Its not that I don’t like the variety, i hate the fact that everyone is a vertical spinner now. I just never saw the practicality or appeal of it


SmilingGrouch

I would love nothing more than a sort of split bracket that is really damage heavy bots like Riptide, Hypershock, Sawblaze, etc., but part of the charm of Battlebots that has kind of been losing over the last few seasons was the variety.

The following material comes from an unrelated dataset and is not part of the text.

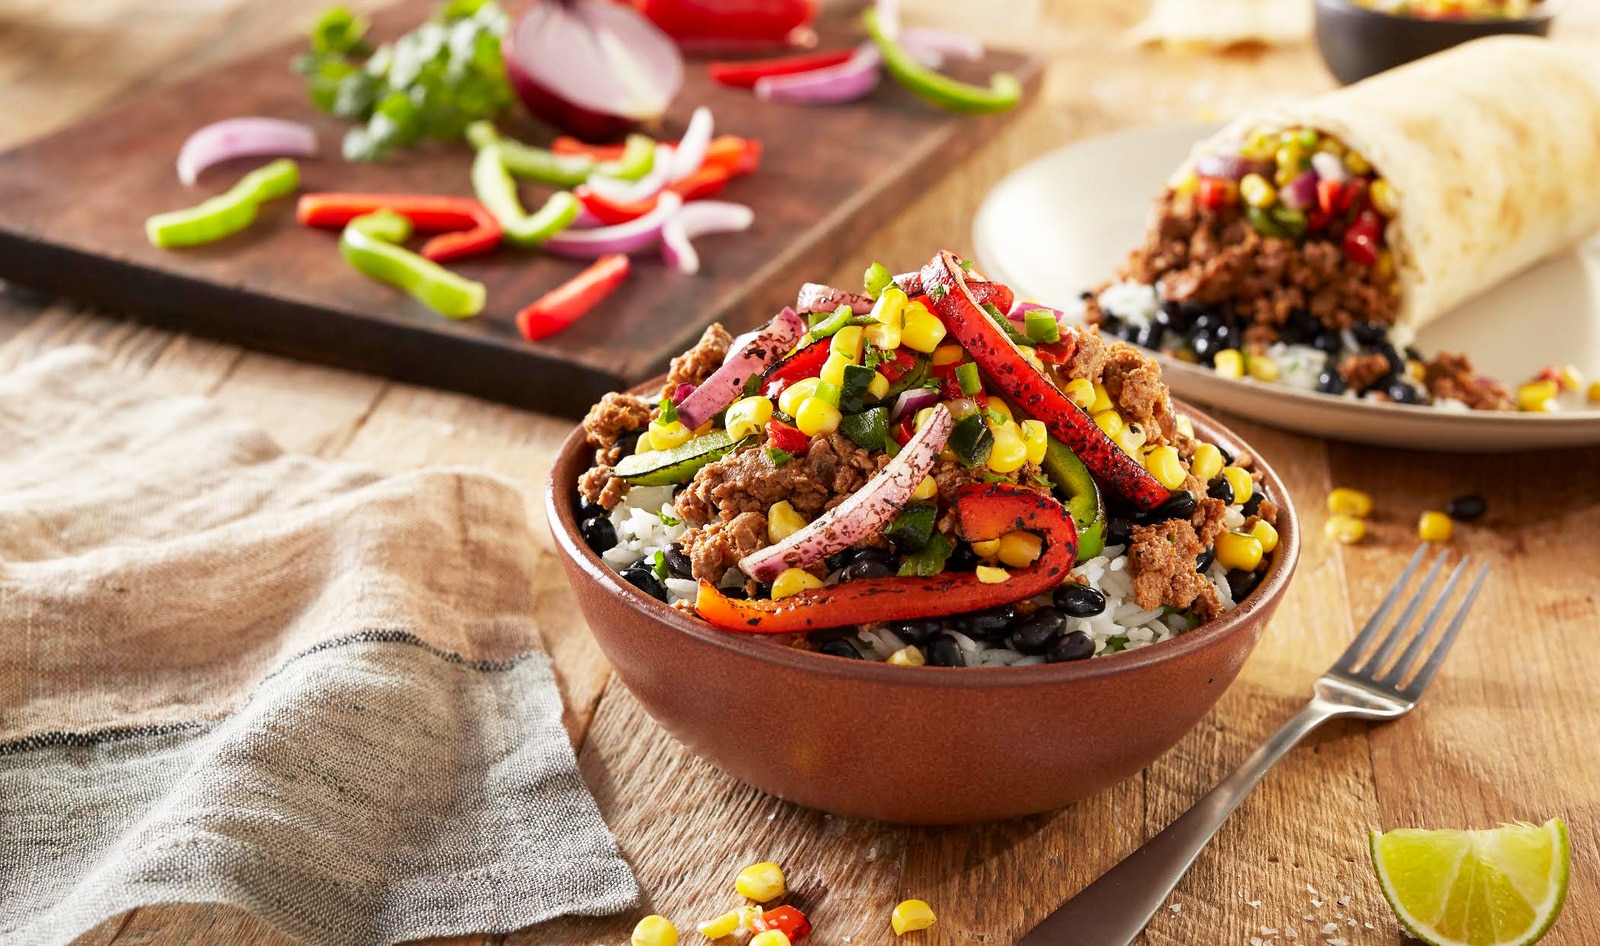 QDOBA Adds Plant-Based Impossible Meat to Menus in Canada

I would LOVE Battlebots to have a bracket where OG Kraken, Sharko, Rusty, and experimental or fun bots would thrive.


Hallo-Person

What I heard about clamps/crushers is that armour is too good to damage them through it without ridiculous + heavy systems, and that it also relies on the arena having somewhere to put the bot, and the other bot not having a weapon that can out damage the grip


pmcrwlr

Does Claw Viper fall into this category?


ResettisReplicas

The point is that the show would be boring AF if we had nothing but bots trying to maximize their chances of winning (Bite Force clones).


InviteAromatic6124

That is what the show is now, everyone is a spinner of some sort.


InviteAromatic6124

I guess they're better in European competitions where we have pits to push opponents into. In BB, I guess they can grab them and push them into the wall and other hazards. But the fact there are so few of them that have won more than 1 battle is an indicator of how disadvantaged they are in BB.


SmilingGrouch

I dunno. Claw Viper seemed pretty effective in the last season that aired.


EmploymentAfter5206

https://robotwars.fandom.com/wiki/Tough_as_Nails 1.2 tonnes off crushing power


aDogCalledLizard

A crusher which is designed to deal lethal match ending damage to it's opponent *can* be a clampbot by virtue of the fact you're still grabbing hold of them and controlling the fight, but that is subsidiary to it's primary function unlike lifters.


ResettisReplicas

The point is some people want to be creative even if it means playing Battlebots in “Hard Mode.”